UCB Query Benchmark: Real Enterprise Data Problems for AI

A community-driven benchmark to understand why AI fails on real enterprise data problems and which techniques actually work.

This is a partnership between UC Berkeley (EPIC Data Lab) and PromptQL to create the first benchmark that:

Documents real failures of AI tools in enterprise settings
Tests multiple techniques (RAG, Agents, Text-to-SQL, etc.) against the same problems
Measures what works with deterministic, reproducible evaluations

🎯 We need your help: Share the data problems where AI tools failed you, and help us test solutions that might actually work.

The Problem

Every enterprise is trying to use AI for data analysis. They're using Cursor for SQL, Claude with MCP servers, ChatGPT with Code Interpreter, and countless other tools. And they're all hitting the same walls.
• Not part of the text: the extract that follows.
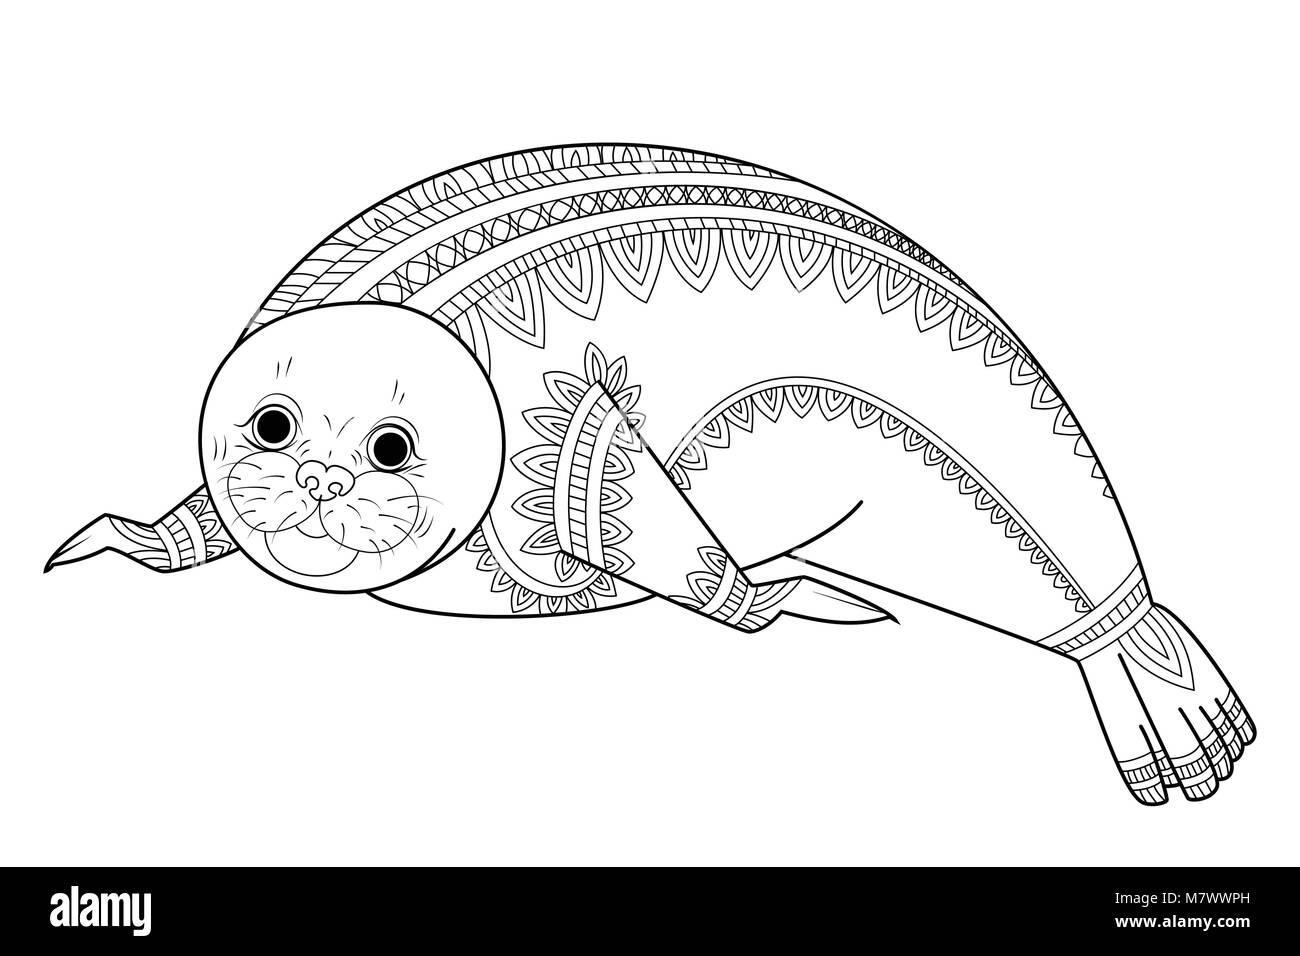 Cute Seal Zentangle Vector Illustration Phoca Zen Tangle Wild Animals Of Antarctica Coloring Book For Adult

We've seen the same story repeatedly:

The demo works perfectly on clean, single-table data
It breaks immediately on real enterprise data with multiple sources, ambiguous schemas, and business logic
No one knows which technique (RAG, Agents, Fine-tuning) would actually solve their problem

This benchmark aims to:

Collect real enterprise data problems where current AI tools fail
Test different AI techniques against these problems systematically
Provide clear evidence of what works, what doesn't, and why

How to Contribute

1. Share Your Real-World Problems

We want to hear about your failures.

Edit EXAMPLES.md to add:

The problem you tried to solve (be specific about data sources, complexity)
What tools/approaches you tried (Claude, GPT-4, Cursor, custom agents)
Exactly how they failed (wrong results, timeouts, hallucinations)
Your hypothesis for why they failed
What a working solution would need to handle

Example contribution:

**Problem:** "Show me customers at risk of churning by combining Salesforce opportunity data with product usage logs"
**What failed:** Claude with database MCP server
**How it failed:** Couldn't handle the date misalignment between systems, generated SQL with wrong join keys
**Why:** No understanding that Salesforce uses fiscal quarters while usage logs use calendar months
**Solution needs:** Temporal alignment logic, business calendar awareness

2. Propose Techniques to Test

Have an idea for an approach that might work better? Add it to the techniques list:

Tool Calling with structured schemas
Multi-agent systems with specialized roles
Graph RAG over enterprise data
Semantic layer + LLM
Your novel approach

3. Run Evaluations

Help us test techniques against our problem set:

Pick a technique from techniques/
Run it against problems in EXAMPLES.md
Report results with full traces
Document what worked and what didn't

Techniques Under Test

We're systematically testing these approaches against real enterprise problems:

Technique	Description	Status
`techniques/tool-calling/`	Function calling with database tools	🟡 In Progress
`techniques/text-to-sql/`	Direct natural language to SQL	🟡 In Progress
`techniques/langgraph-agent/`	Multi-step planning with LangGraph	🔴 Planned
`techniques/rag-on-data/`	RAG over database schemas and docs	🔴 Planned
`techniques/graph-rag/`	Graph-based RAG for relationships	🔴 Planned
`techniques/semantic-layer/`	Business logic layer + LLM	🔴 Planned
`techniques/custom/`	Novel approaches from contributors	🔵 Open for PRs

Each technique folder contains:

ARCHITECTURE.md - How the technique works
implementation/ - Runnable code
results/ - Evaluation results on benchmark problems
analysis.md - What worked, what didn't, and why

Repository Structure

.
├── README.md                    # This file
├── EXAMPLES.md                  # Real enterprise problems and failures
├── techniques/                  # Approaches being tested
│   ├── tool-calling/           
│   │   ├── ARCHITECTURE.md     # How tool calling works
│   │   ├── implementation/     # Runnable code
│   │   └── results/            # Evaluation results
│   ├── text-to-sql/
│   ├── langgraph-agent/
│   └── ...
├── src/                         # Evaluation framework (in development)
│   ├── common_scaffold/         # Core utilities
│   ├── query_*/                 # Test datasets
│   └── requirements.txt        
└── evaluations/                 # Results and analysis
    └── comparison.md            # Cross-technique comparison

What Makes This Different

Not another leaderboard. We're not ranking models on clean datasets. We're:

Documenting specific failure modes in production
Testing complete techniques (not just models)
Providing detailed failure analysis (not just scores)
Building reproducible solutions (not just benchmarks)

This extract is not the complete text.